Si mañana me atreviera a escribirte, no sería para pedirte que vuelvas. No sería para recordarte lo bonito, ni para reprocharte lo que dolió. Sería para soltar, por fin, eso que nunca me atreví a decir, eso que me tragué por miedo a perderte más de lo que ya te estaba perdiendo.
Te escribiría que hubo días en los que fingí no ver tus gestos de distancia para seguir sosteniendo lo que ya no existía. Que me callé palabras que me quemaban por dentro, con la esperanza de que tú las dijeras primero. Que dormí abrazando la idea de nosotros, incluso cuando tú ya habías soltado esa imagen hacía tiempo.

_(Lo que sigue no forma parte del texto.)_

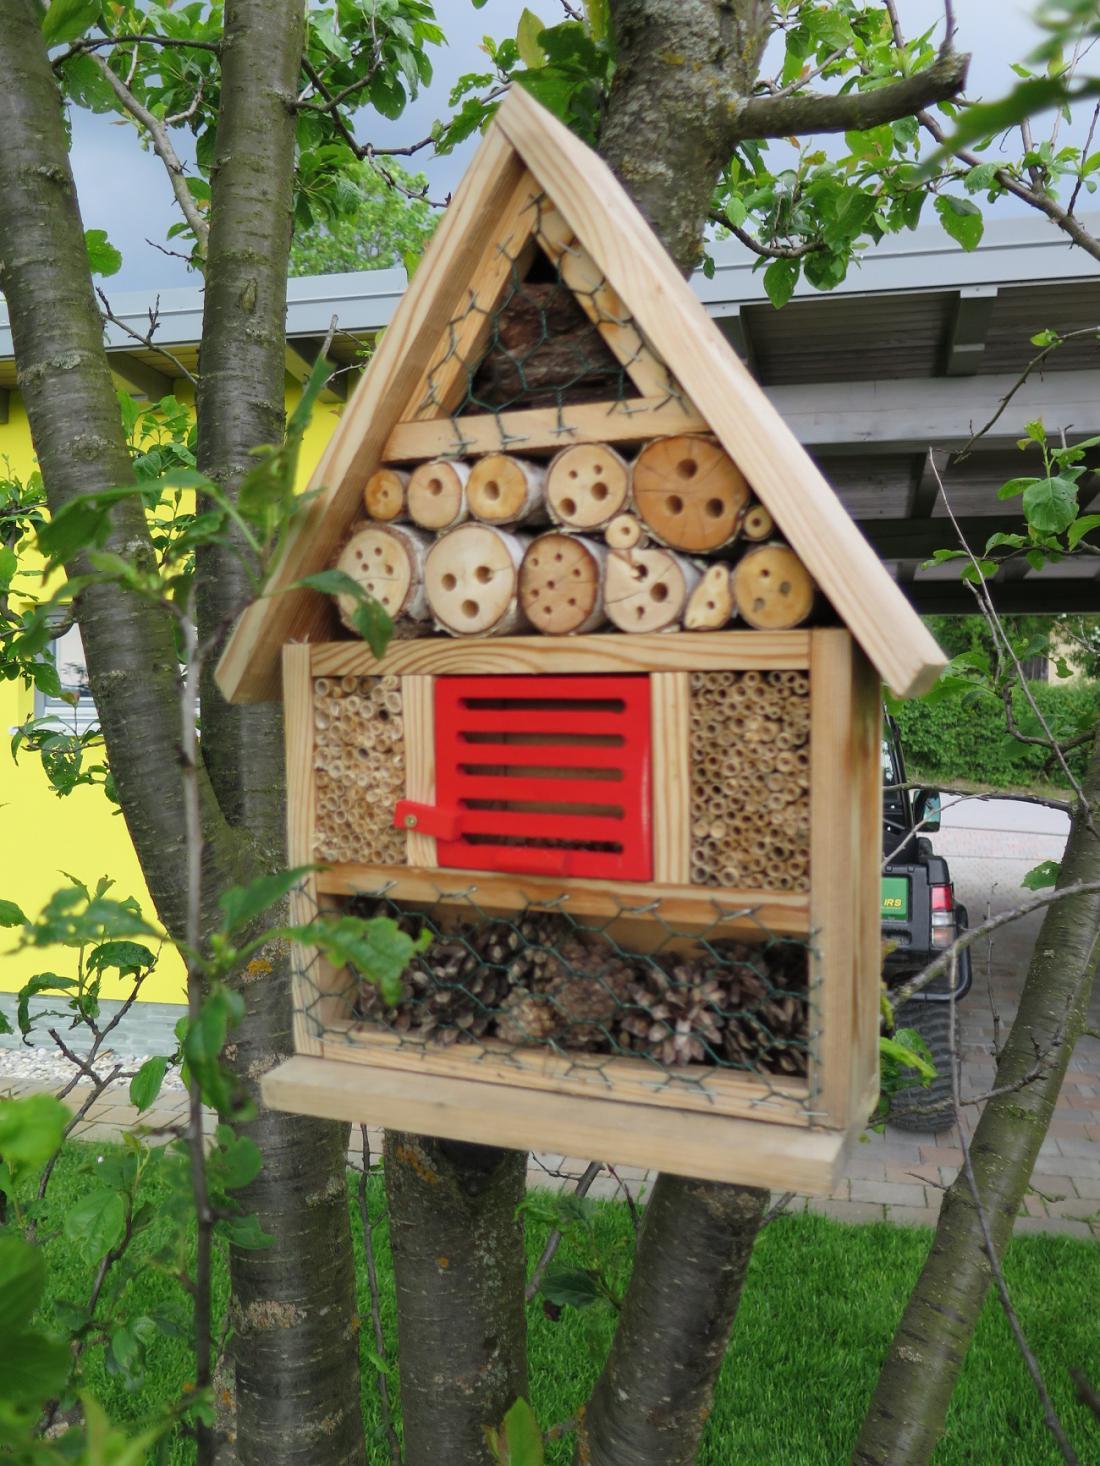 Hotel za žuželke je dobra rešitev, da nam žuželke ne gredo na hišo.

Si mañana me atreviera a escribirte, te diría que te esperé. Que sí, lo hice. Te esperé en cada mirada esquiva, en cada silencio incómodo, en cada gesto de frialdad que me convencía de que aún quedaba algo que salvar. Pero nunca volviste. Nunca como lo hacía yo.
Te diría que aprendí a quererme cuando entendí que tú no ibas a hacerlo como yo necesitaba. Que cada vez que me alejabas, yo corría más rápido hacia ti, hasta que entendí que no era amor lo que me pedías, era sumisión. Y yo… yo lo confundí todo.
Si mañana me atreviera a escribirte, no sería para ti. Sería para mí. Para recordarme que sobreviví. Que me reconstruí con las mismas manos que un día temblaron por perderte. Que he aprendido a hablar con el nudo en la garganta y aún así decir lo que siento.
Y si mañana tú lo leyeras… que duela si debe doler. Porque esta vez, no escribo para que vuelvas. Escribo para poder soltarte, aunque me cueste, de una vez por todas.